Released Jan 20th, 2023 via Bureau B / By Ben Wood
Harmonious Thelonious: Cheapo Sounds (Bureau B) Technological limitations have inspired some of the best music ever. George Martin used some pretty basic kit to oversee Sgt Pepper. Lee 'Scratch' Perry made magic on just four tracks at the Black Ark. And Eno and Byrne spent countless hours making tape loops to piece together the po-mo collage of My Life in the Bush of Ghosts.

Electronic producer Stefan Schwander, aka Harmonious Thelonious, obviously fancied a challenge. Cheapo Sounds (great title) sees him eschewing modern studio wizardry to make an entirely album of three-minute tracks on the Monomachine.

Released in the early 2000s but popular with those music-makers who love making electronica the old-skool, hands-on way, this intriguingly named gizmo forced him to swap his usual 'minimalism meets 'polyrhythms' approach for simpler beats, basic chords and melodies. Many big names use the Monomachine as part of their creative process. What could he do using this device alone?

Soft Opening Mode is a promising start. Its motorik beat, undulating snake-charmer bassline and son-of Trance Europe Express synth riff combine to make a surprisingly organic groove.

The album's warm, welcoming side is also expressed in Liquid Sound Waves. This tune's dubby, hypnotic feel makes it sound slightly more modern. The (rare) emergence of a thumping early house beat prompts the desired Pavlovan response.

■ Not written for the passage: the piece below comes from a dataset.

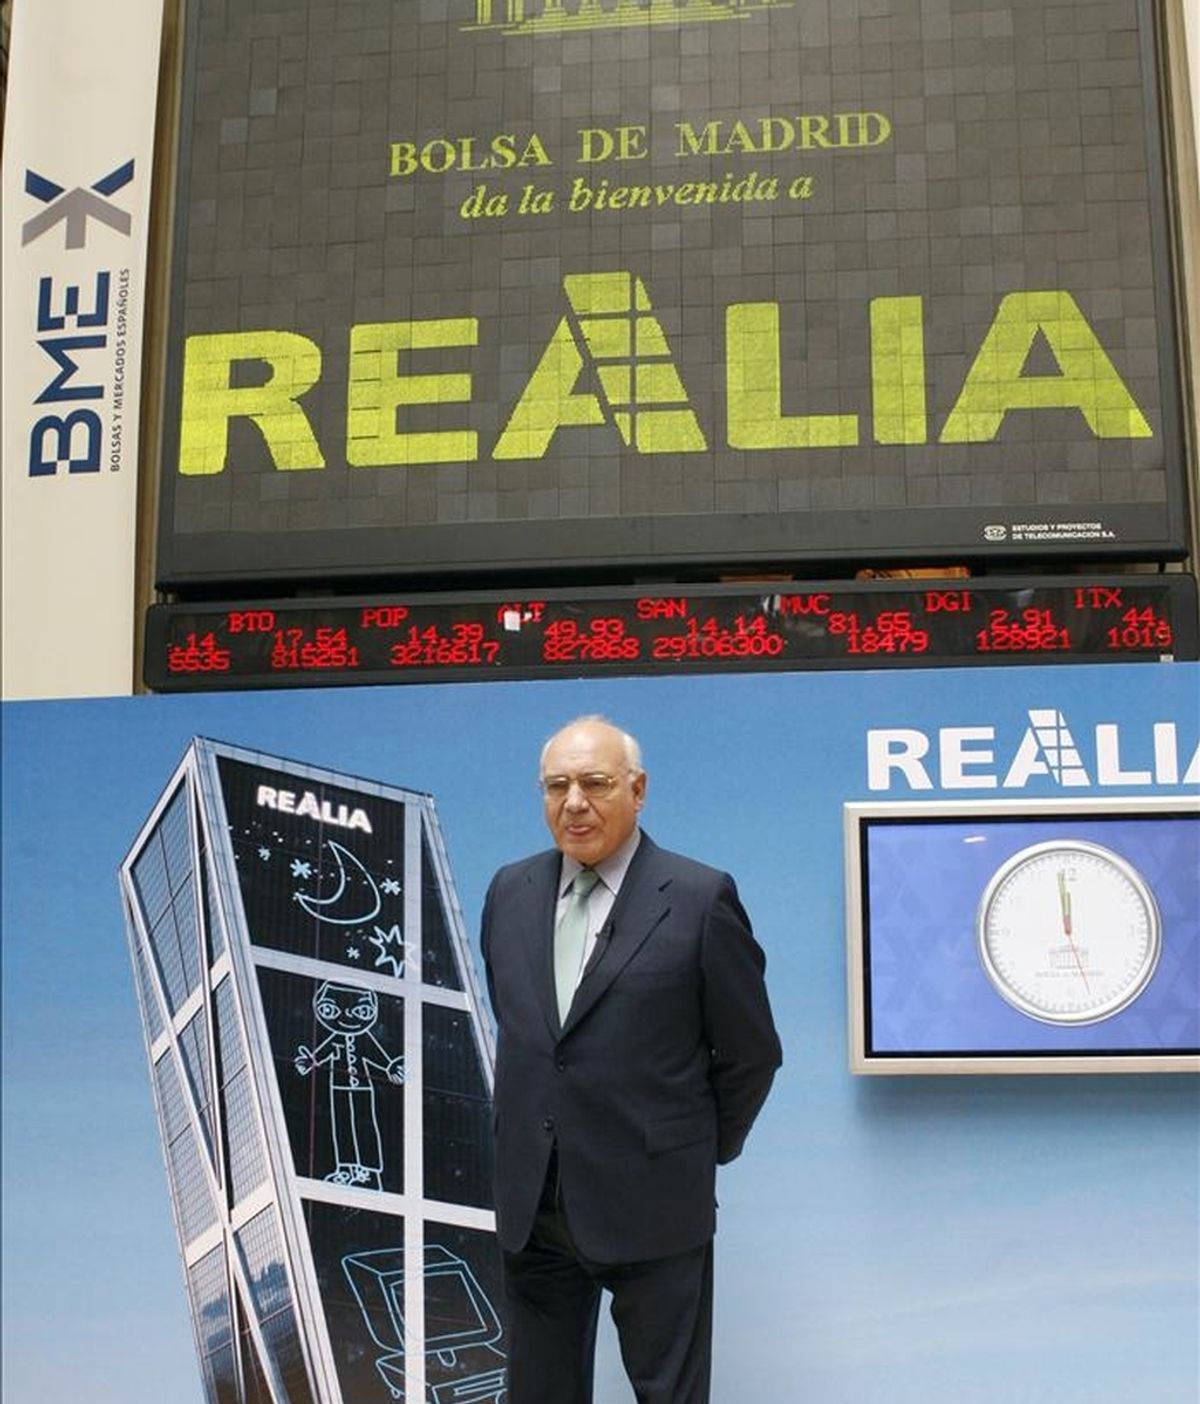 El presidente de Realia, Ignacio Bayón, posó para los medios de comunicación, tras el tradicional toque de campana virtual en la Bolsa de Madrid. EFE/Archivo

So far, so groovy. However, the other key elements of the album's sound palette derive from the pre-rave 80s: moody, downbeat, dystopian. This is exemplified by the appropriately titled Limitations. It's danker, darker, though its Middle Eastern keys provide some contrast.

From hereon in, Cheapo Sounds oscillates between these poles, the motorik beats and (early 90s) trancey keys lifting us up while the more industrial elements take us somewhere darker. The promise of space exploration, and the existential Kubrickian loneliness it might inspire, is referenced in song titles such as Back From the Primitive Galaxy.

Sunglasses is the album in microcosm, its clumpy 80s drum patterns a cage that the pulsing, oscillating synths try to escape from. This writer must admit, he prefers the cheerier end of Cheapo Sounds' sonic spectrum.

Throughout the ten tunes here, the dots are joined between 70s kraut and early 90s trance. It would have been interesting to hear Stefan dedicate a whole album to the sound he explores on the whooshing, trancey Orion Stars. It's a highlight, as is mellow closer Afterhours, a welcome break from the album's midtempo norm.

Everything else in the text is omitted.